Open liuhu opened 1 year ago
Hi @liuhu , Thank you for your interest in our work and for your kind words!
We haven't conducted much experiments with other open source models. I agree that new open source models come out every day, claiming to surpass ChatGPT, but they are eventually found not to be as general and as adaptive as ChatGPT.
I don't have a clear solution to that other than trying a few others (maybe Falcon?).
Regarding fine-tuning: yes, I think that if you have the resources and the data, fine-tuning on your examples can help reducing the prompt size to as small as the example-specific inputs.
Maybe @luyug @madaan @shuyanzhou have some thoughts.
Best, Uri
We are also using programming to solve user problems through PAL, and we are facing issues with long prompts and inference. We would like to know if fine-tuning is effective in addressing these issues or if there are other solutions that we can consider.

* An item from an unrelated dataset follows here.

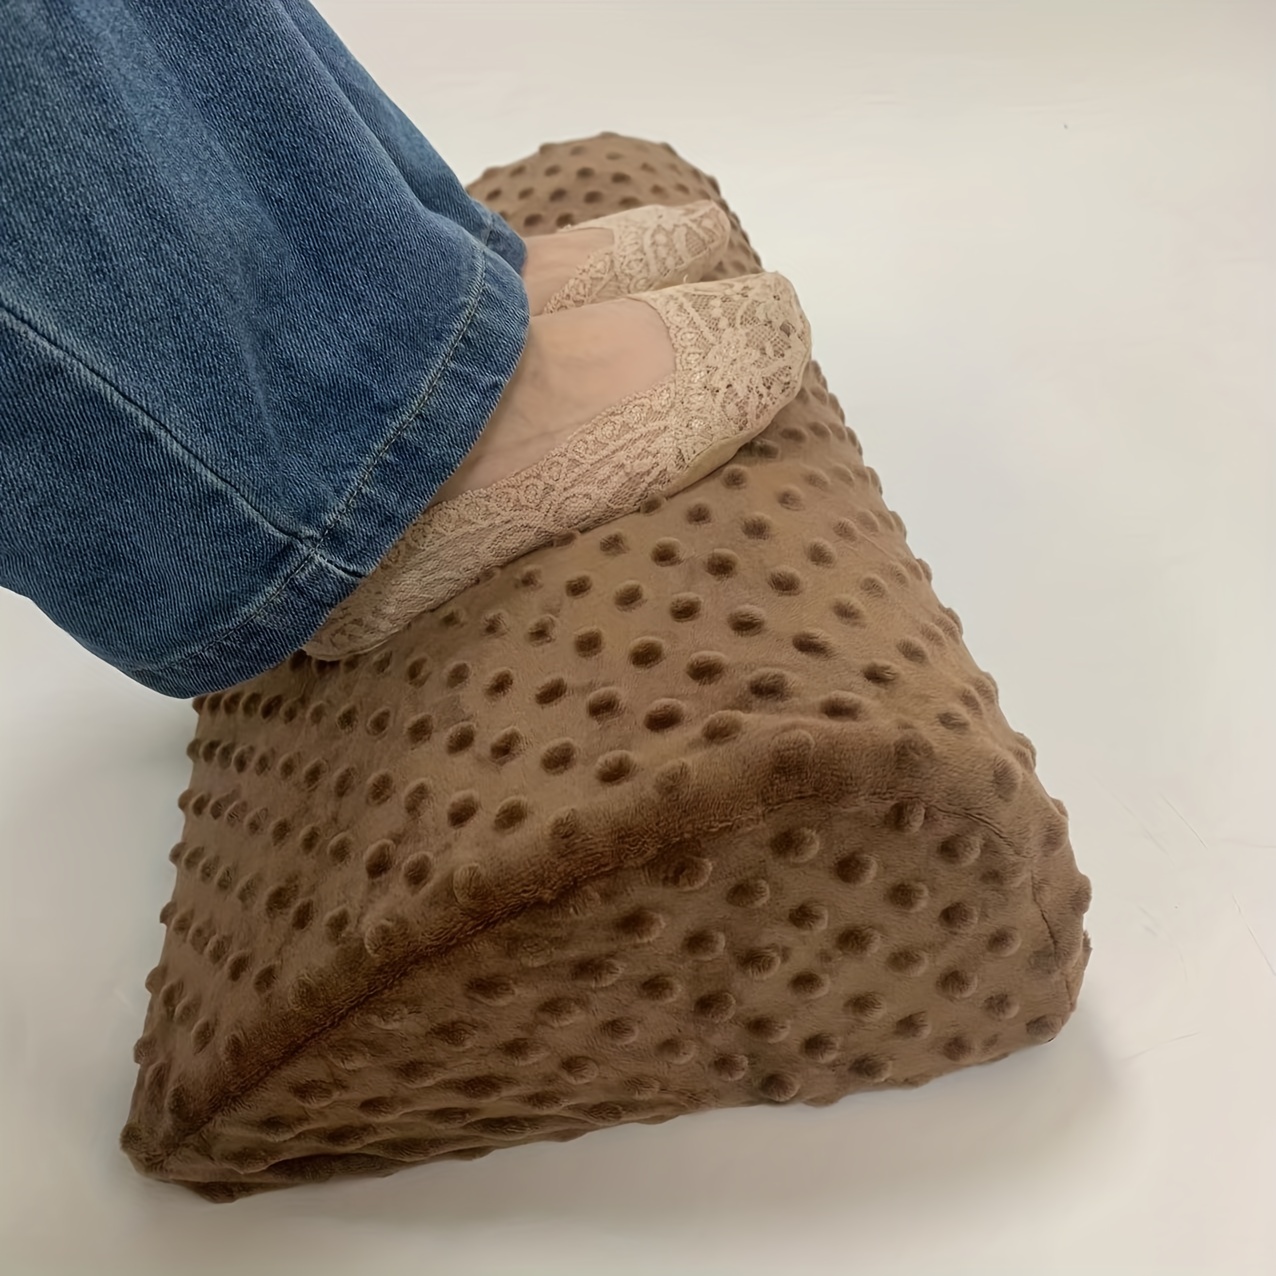 Foot Rest for Under Desk at Work, Ergonomic Foot Stool with 2

@HXCrazy thank you for reaching out!
Please describe the problems you are facing in a new issue so we could provide a better response.
Best, Uri
Background
We have a chatbot that uses the PAL method to program some custom functions to answer user questions in combination with user data in the system. User data is sleep and exercise data uploaded by users through smart wearable devices. The data types are very rich (including 50+ data fields), and the amount of data is large (every user will generate multiple pieces of data every day). The Python code generated by LLM, that determines the time range of the query data, the data fields that need to be queried, the function arrangement and other information
Prompt template:
Thank you very much for your patience in reading this far. I wrote a lot of background information in order to describe the problem, which resulted in a very long text.
Question
PAL is an amazing method. We have already used it in production. We want to replace openai LLM with the open source LLM and encounter some problems:
Found by analysis: a. Compared with gpt-3.5-turbo, The PaLM2, WizardCoder, and Vicuna all have a decline in date reasoning performance. Is there any way to improve date reasoning? b. The generalization ability of WizardCoder-15B and Vicuna-13B is insufficient. There are many output codes, basically copying few-shot, and not generating code according to the problem. Is it caused by insufficient model parameters?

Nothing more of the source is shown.